By Shaun Rein
As a new superpower, China will likely provide a helping hand whenever possible by taking a greater role in international organizations like the International Monetary Fund and the United Nations, but it will be a very different superpower than the United States has been. Unlike America, it is doubtful that China will try to save the global economy or become the world’s policeman. Instead, it will let other nations spend money doing these costly and painstaking things, while they seek out the business opportunities that these actions might produce.
Aside from a culture and ideology that is more focused on internal issues, instead of possessing a missionary-like zeal to convert others to how China thinks, the government is still fearful of internal instability, and will therefore spend most of its time on improving local issues. Moreover, because of strict regulations constraining party officials, government leaders will most likely continue to push their offspring to enter private enterprise to make their money.

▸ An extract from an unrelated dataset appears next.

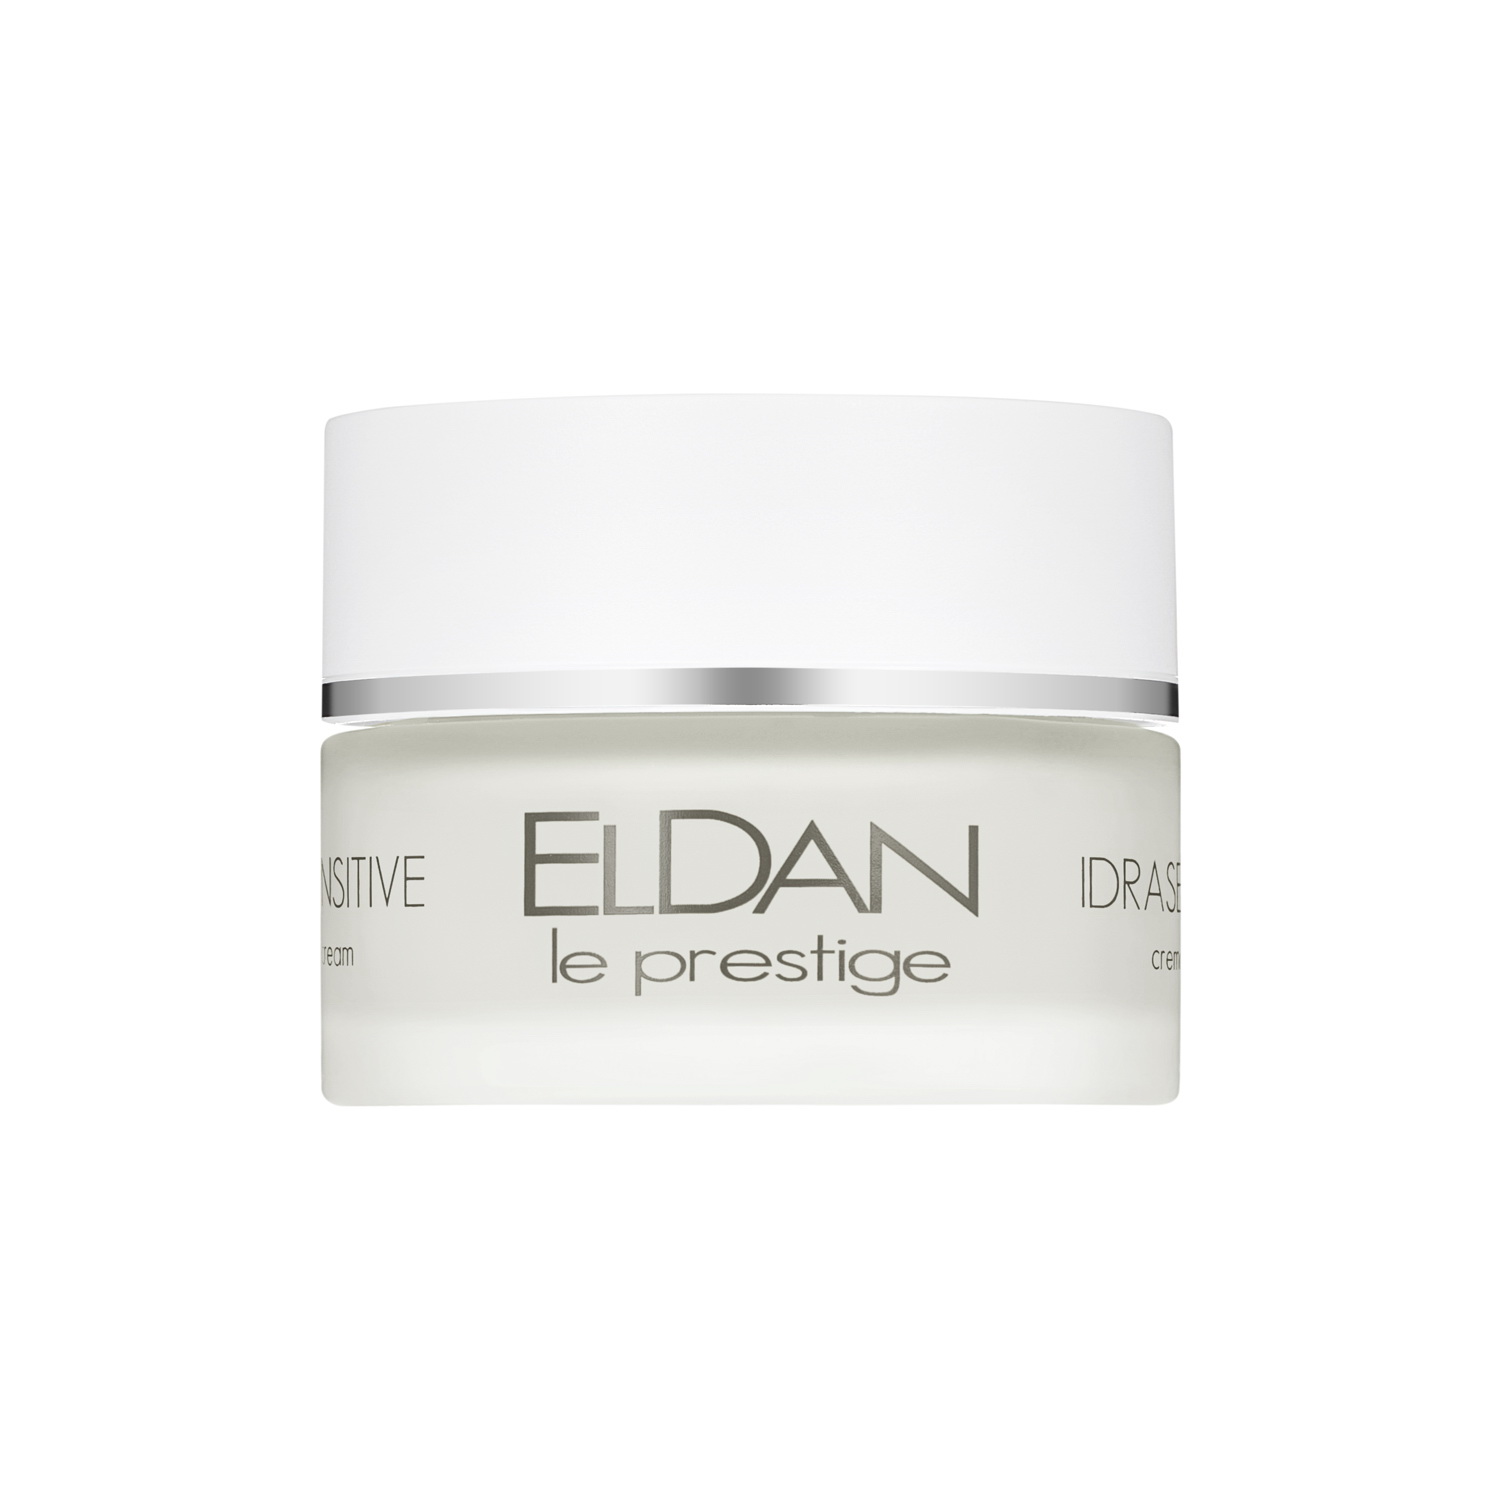 Крем для лица ELDAN Cosmetics Idrasensitive 24H Cream для чувствительной кожи, 50 мл eldan тоник лосьон очищающий для проблемной кожи le prestige 250 мл
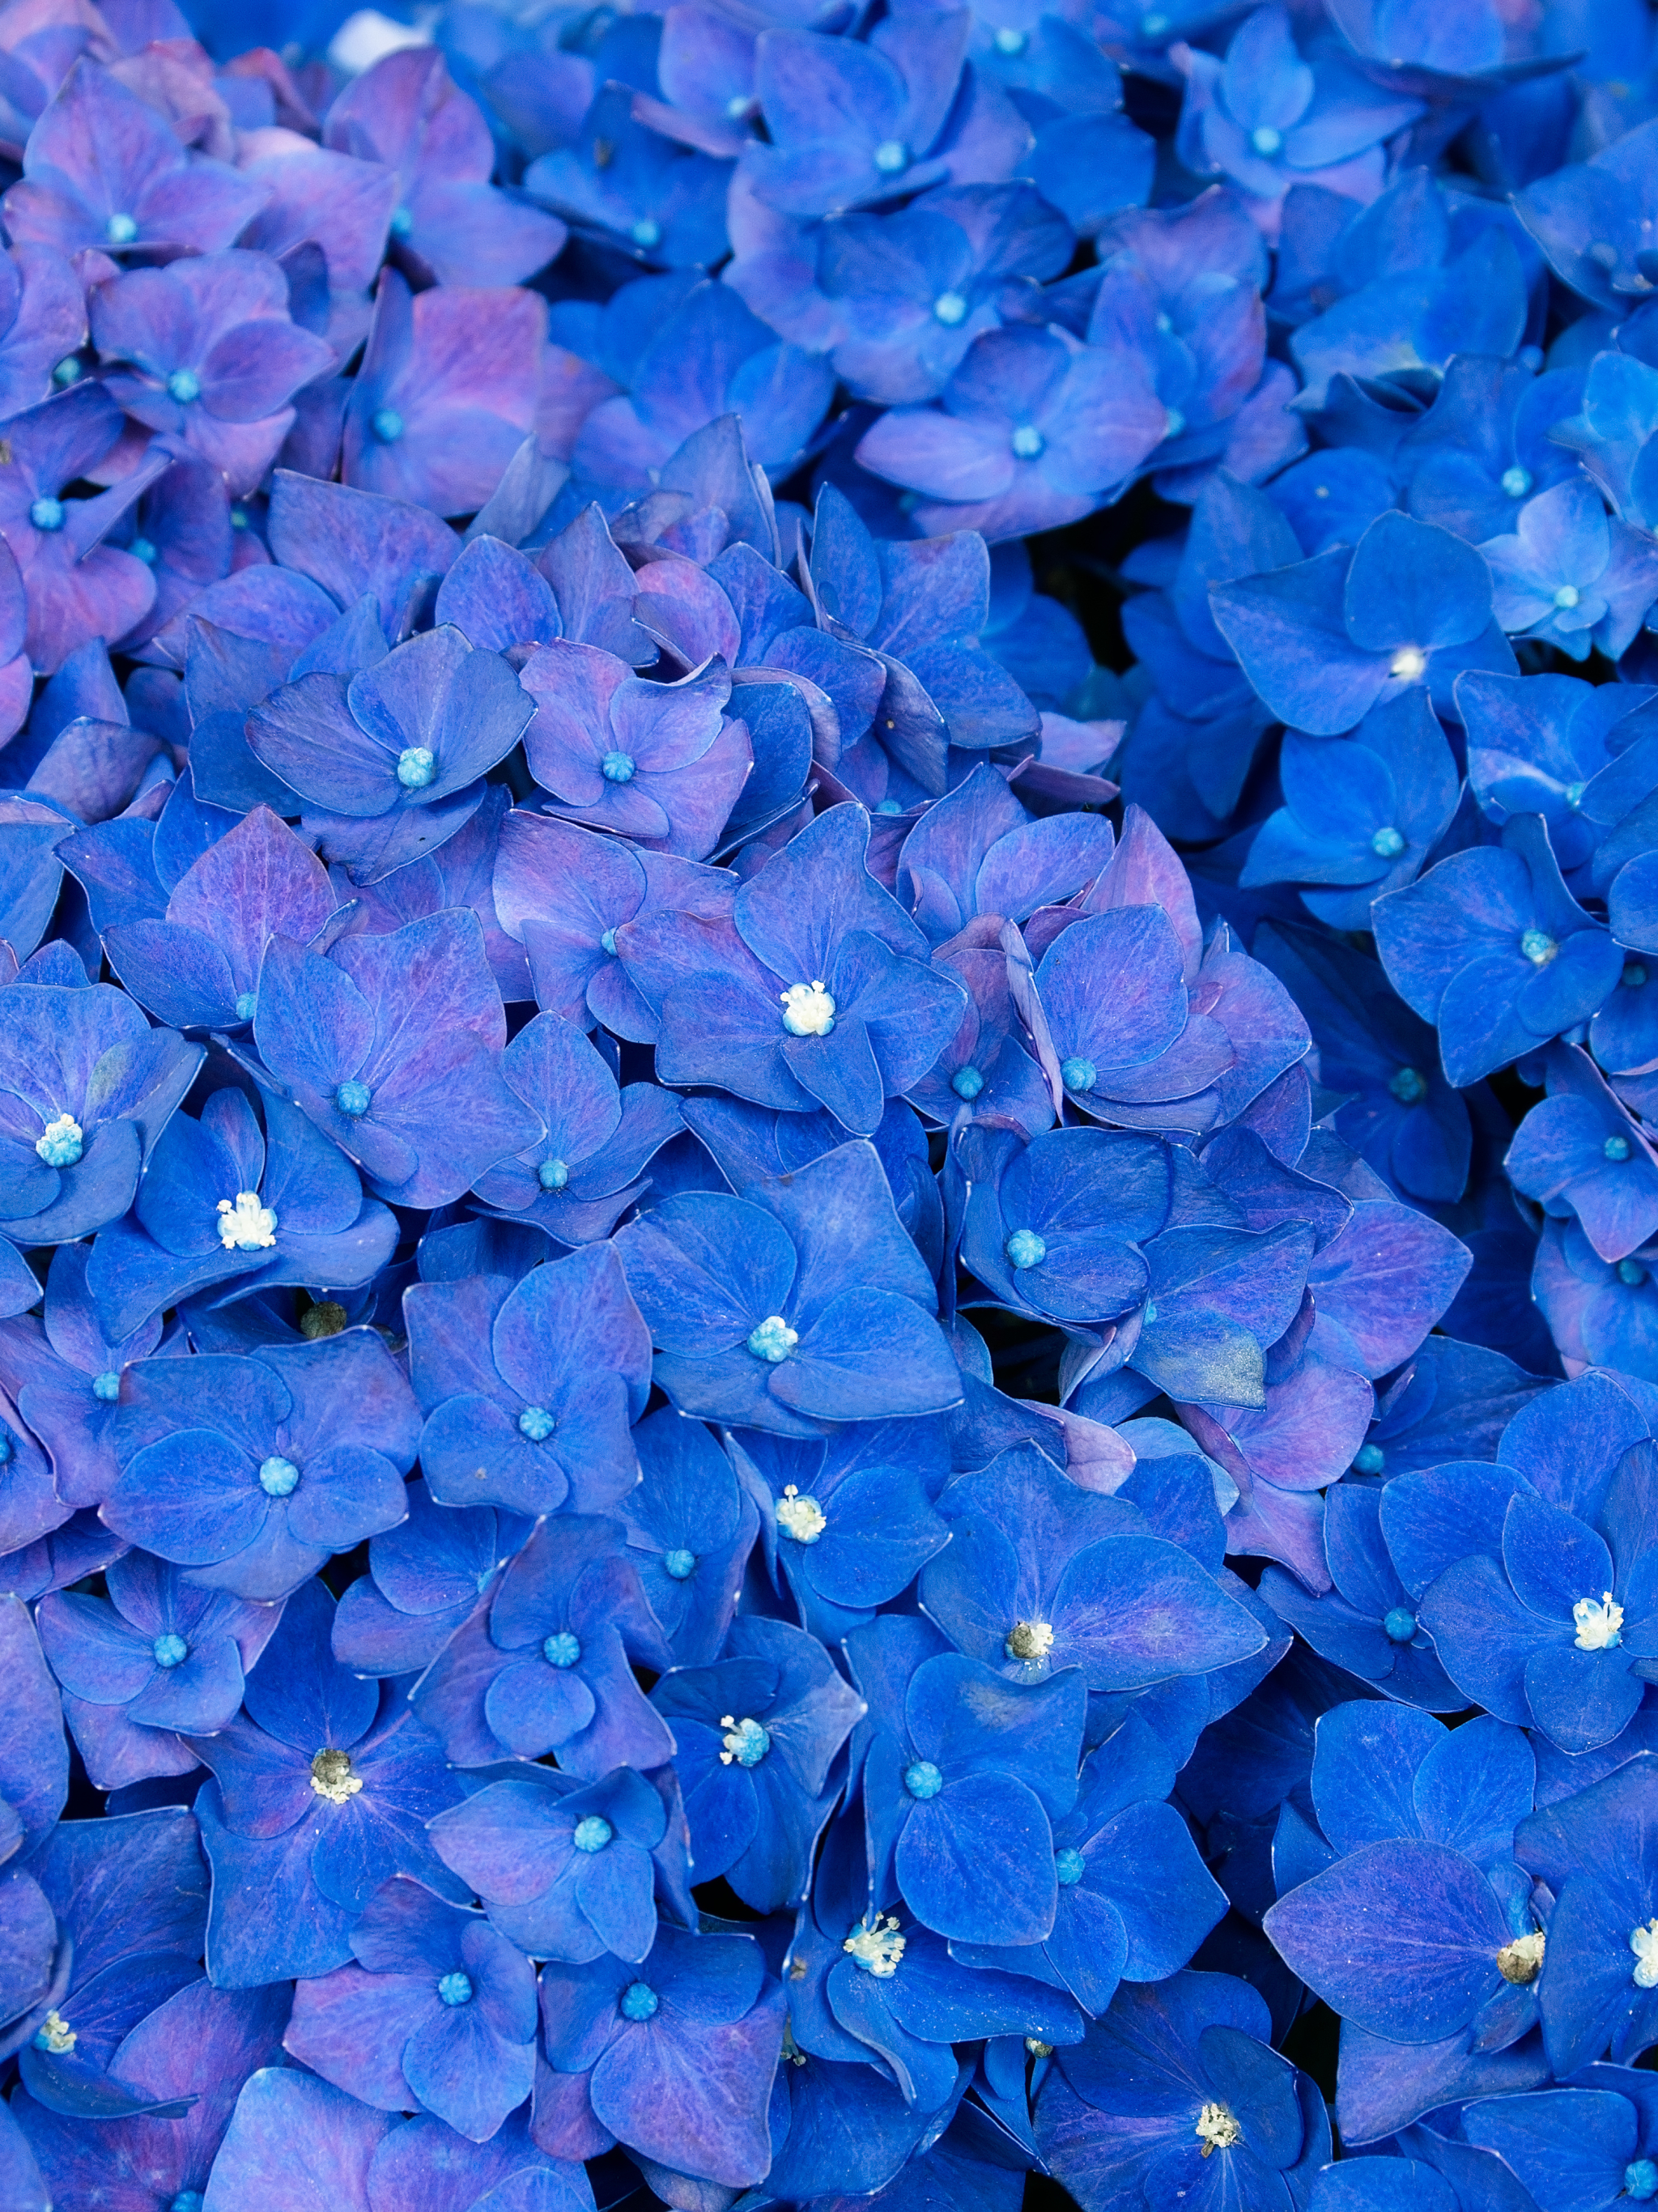 Descarga gratuita de fondo de pantalla para móvil de Flores, Flor, Hortensia, Tierra/naturaleza, Flor Azul.

Most decision-making will provide opportunities for well-connected individuals to leverage their relationships to better seize business opportunities.
China’s foreign policy will be an offshoot—in many ways, an afterthought—of how it deals with internal issues of stability, and the creation of wealth opportunities for the embedded elite, rather than a cohesive policy designed to shape the rest of the world to emulate China’s ideal form of government.
China’s laser-like focus on economic growth, and its greater adherence to free trade and capitalism than America’s, means China can provide a growth engine for many industries, from agricultural products and medical devices to the luxury sector, among many others. Companies that follow the path of Yum! Brands, Procter & Gamble, or General Electric by looking to China as their next major growth engine, will join in the new Darwinian struggle; either they will evolve and become global winners for the next 50 years, or else they will go extinct.